We also bumped into The Two Widows on the streets of Thamel. Achut had told us that one had made the Tiger's Nest climb as far as the cafe and the other had used a pony to get that far before starting the steps on foot. She surrendered at the white flag. Both agreed with us that Bhutan had been the highlight of the trip. One widow was a smoker and we swapped smoking stories. ManCanDo had told us that smoking was not allowed in Bhutan, then he said it was OK for tourists, then he said not to take any into the country because it was illegal but to buy some there, then he changed his mind again and said our guides would get some for us. I decided to play safe and took none. She decided to take some, fess up at Immigration and pay any duty necessary.

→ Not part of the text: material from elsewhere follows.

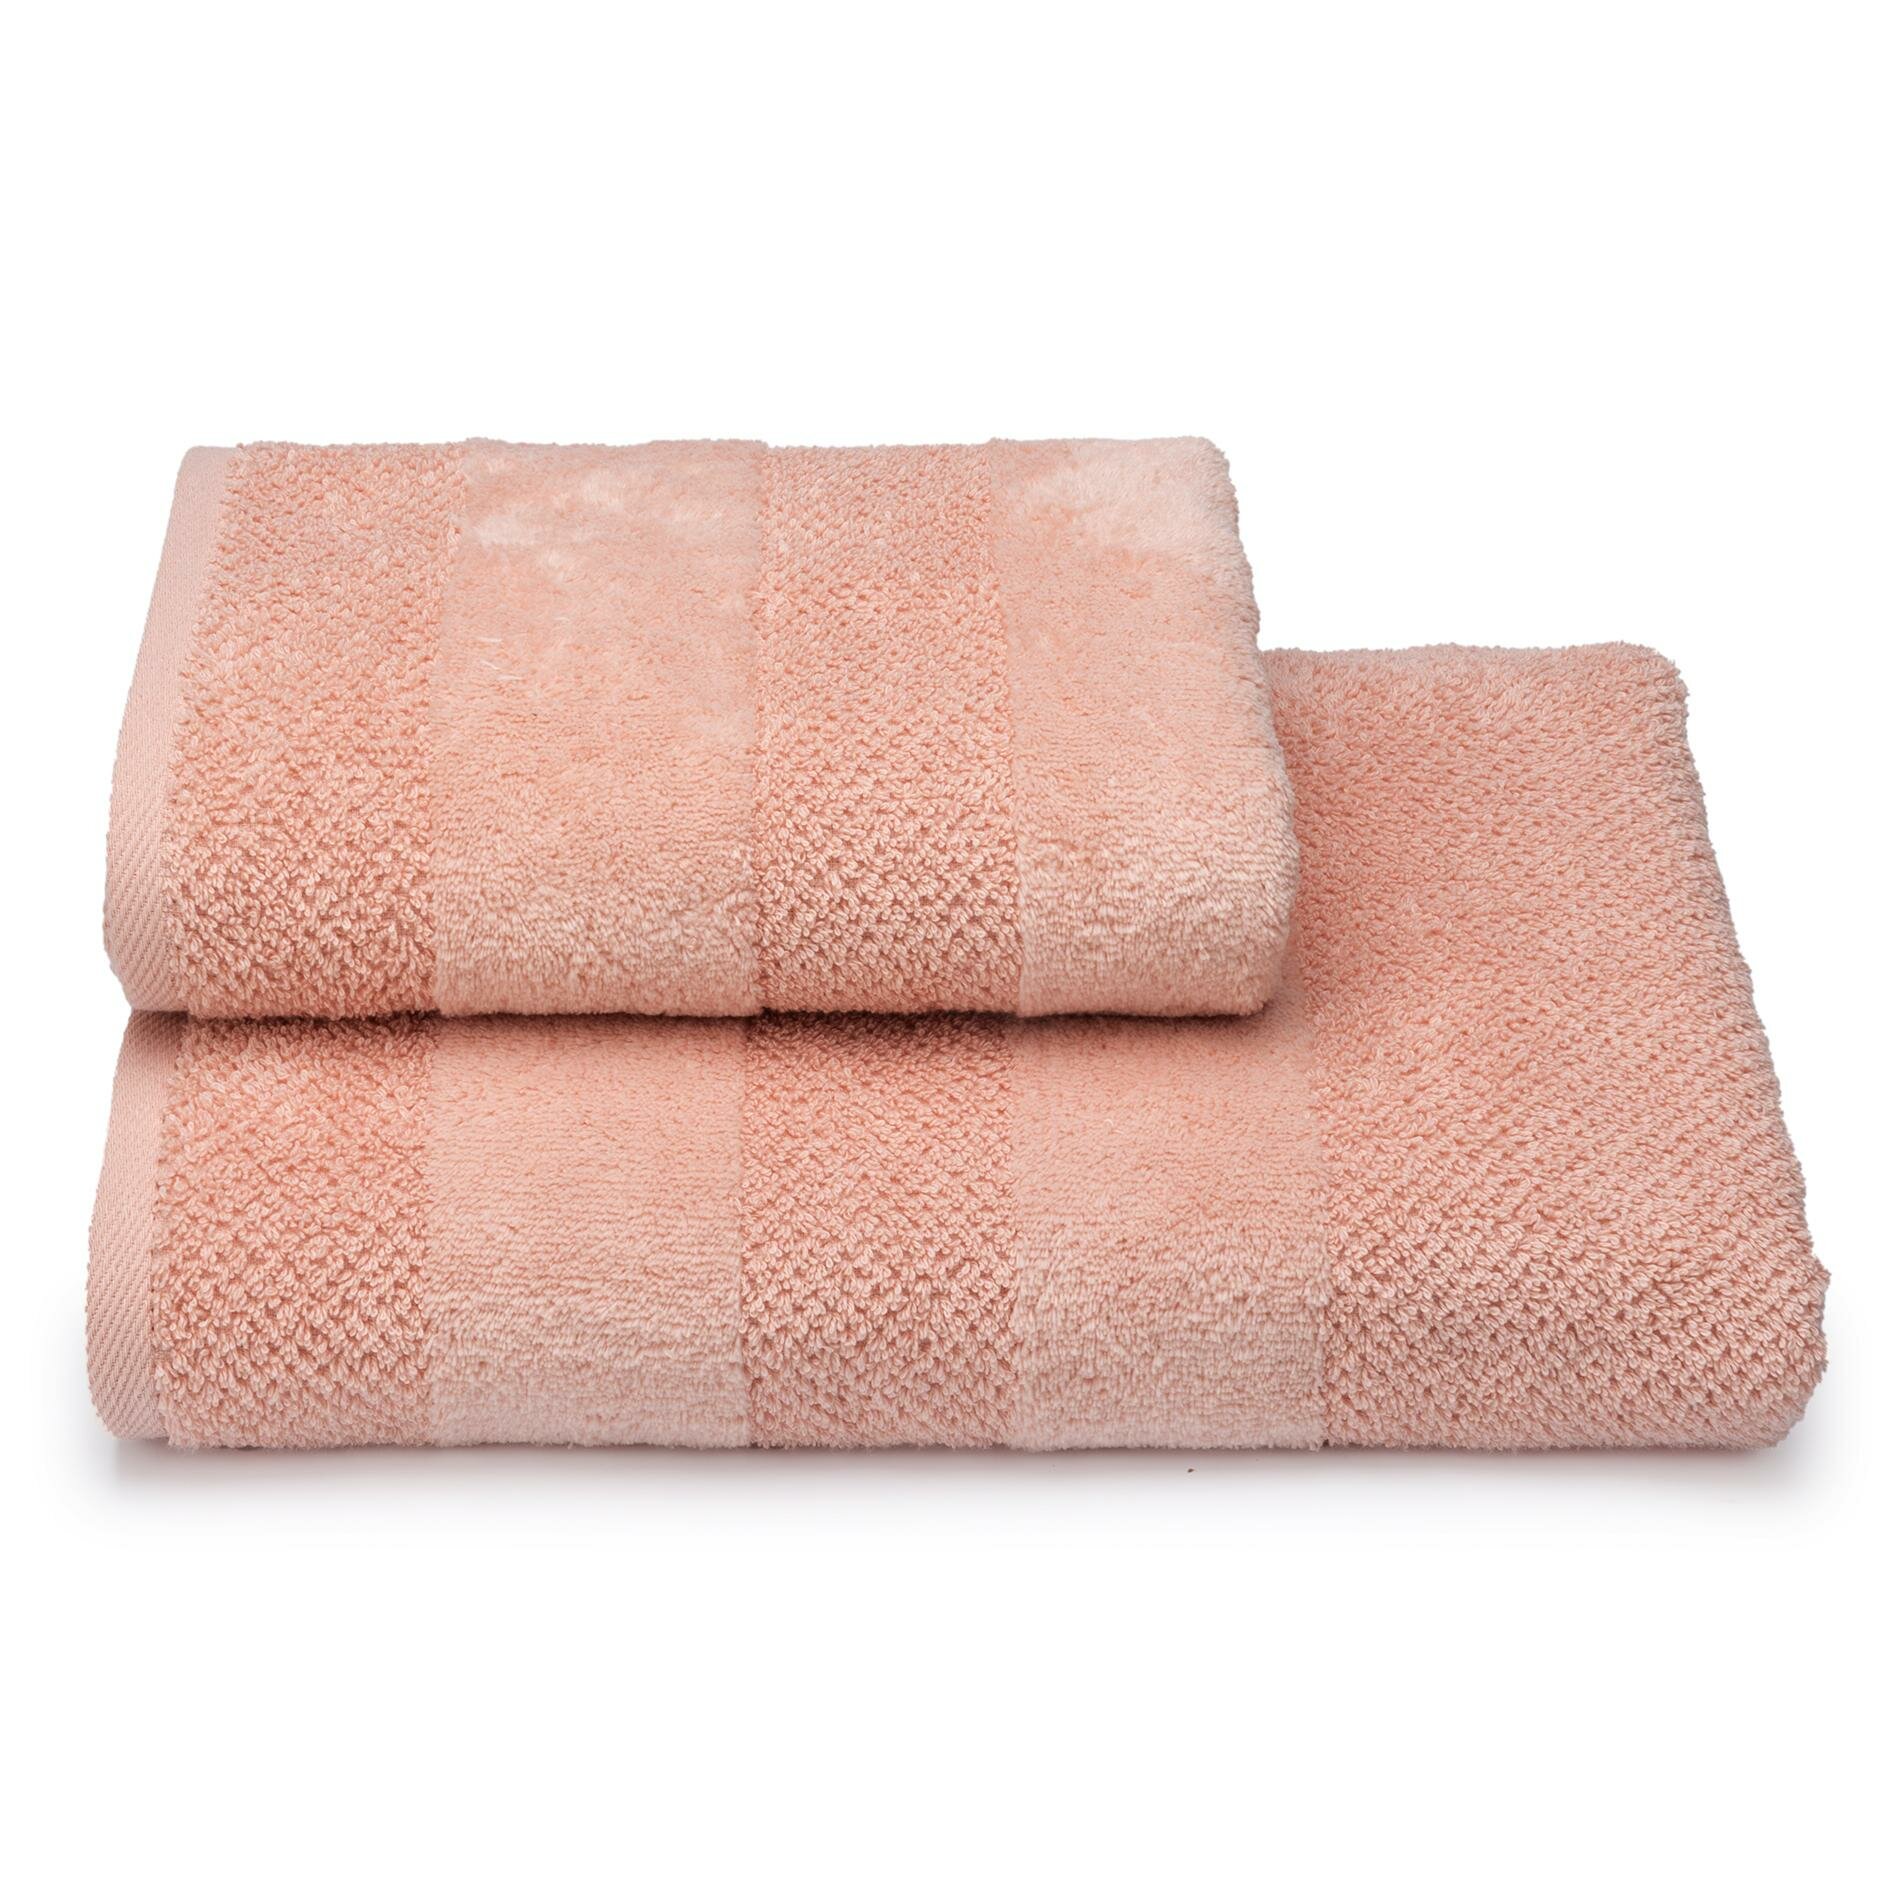 Полотенце махровое 70х130 см для ванной, лица и рук, Cleanelly Heat цвет персиковый, 1 штука

She got a piece of paper on arrival which said she was a silly foreigner who was allowed to smoke in Bhutan on production of this bit of paper. I struggled to get Ransinga to remember I needed some (I think he 'forgot' on purpose!) but he did eventually procure some for me. Smoking Widow and I agreed that King Jimmy 5 needed to be a bit more realistic as we had seen plenty of smokers in Bhutan and on this occasion he was fighting a losing battle. We agreed, though, that KJ5 had done the right thing by not opening the gates on mass tourism, possibly leading to the implosion suffered by neighbours India and Nepal. Time will tell. We also heard that Mr and Mrs Surbiton had completed the climb which surprised us as Mrs S couldn't abide dust of any sort and wore a face mask most of the time we were with them! We never saw them again.

Our last day in Kathmandu saw us killing time in the afternoon, waiting for an evening flight. We spent a lot of time on the hotel rooftop, soaking up the sounds and smells of the city. We moved downstairs in the evening to watch an impromptu 'rock band' that played on the street outside a posh restaurant, collecting donations for a charity. They were also watched by a young family who lived amongst the rubble of the half-built building opposite. Worlds apart ...

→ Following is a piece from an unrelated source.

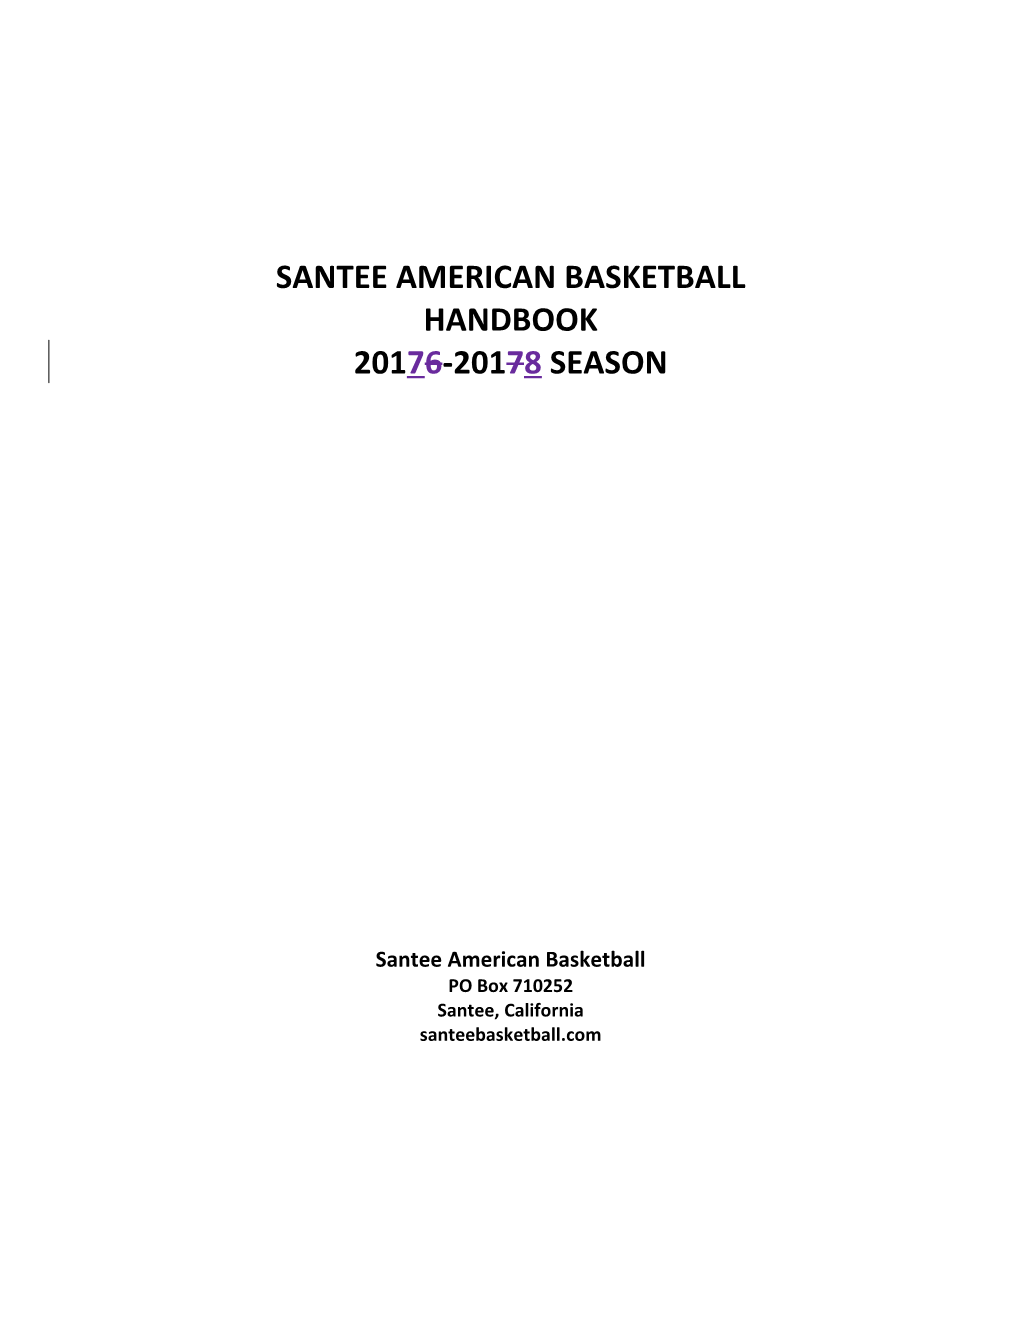 Santee American Basketball

We left the hotel in our pre-arranged hotel transport at 8 pm. Our driver took a detour to show us the best-dressed, brightly lit festival areas and he almost earned a big tip for that - it was lovely to see. Unfortunately, he then almost ambushed us into a quick side-trip to his house to 'hear his children sing'. No thank you - we'll just go straight to the airport! Once there, we were greeted by the usual mayhem and noticed a very long, separate queue for 'migrant workers'. We couldn't decide if they were coming or going. We had a lighter each confiscated (I'd given one to Steve as well, even though he doesn't smoke) so that made four I'd had taken from me. I was allowed to keep my bottle of water though, so that's OK then.

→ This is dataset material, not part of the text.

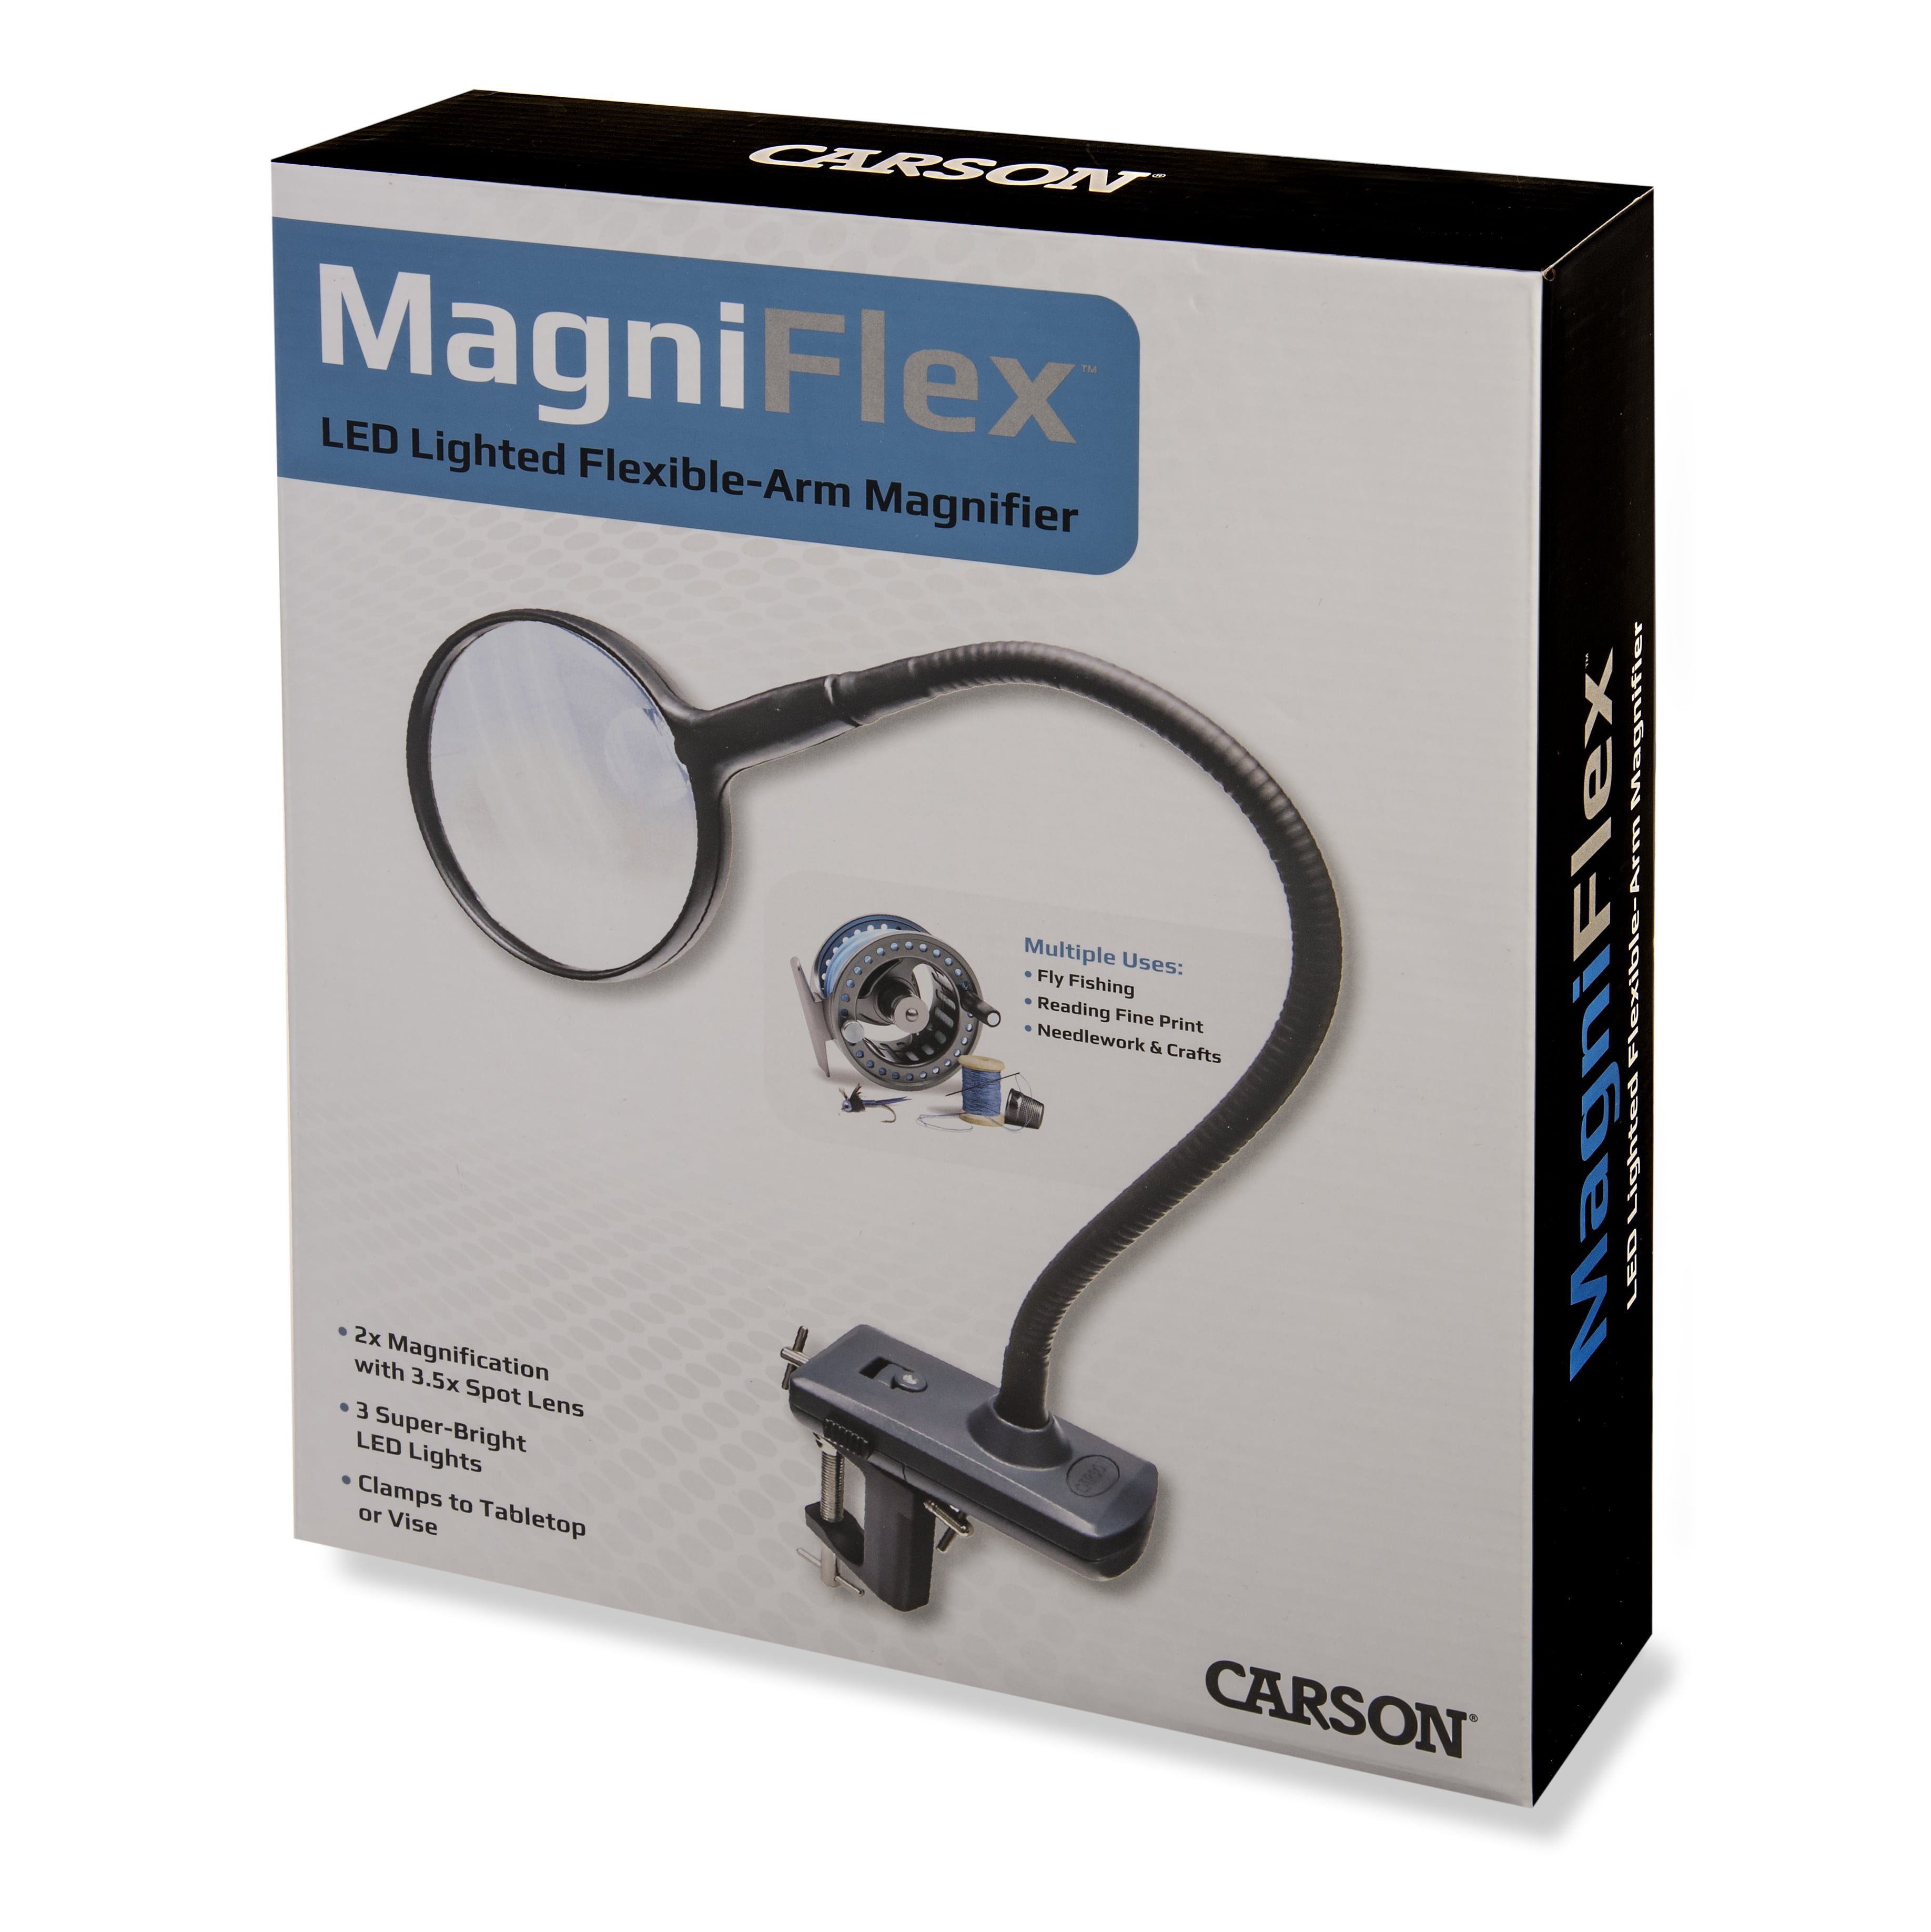 SE - Magnifier - Handheld, 2-in-1 UV/LED, 4 LED, 1 UV - MB606-2XUV

So, we were moving on again. Final thoughts on Kathmandu? Well, it wasn't somewhere I would have chosen to spend so much time in but circumstances, visas, flights, etc dictated that. And actually I grew to like it more with each visit, despite the traffic, the noise, the dust, the smell, the litter and the poverty. It has a certain vibrancy, a joie de vivre which overcomes all else and that is all down to the resilience of the people who live there.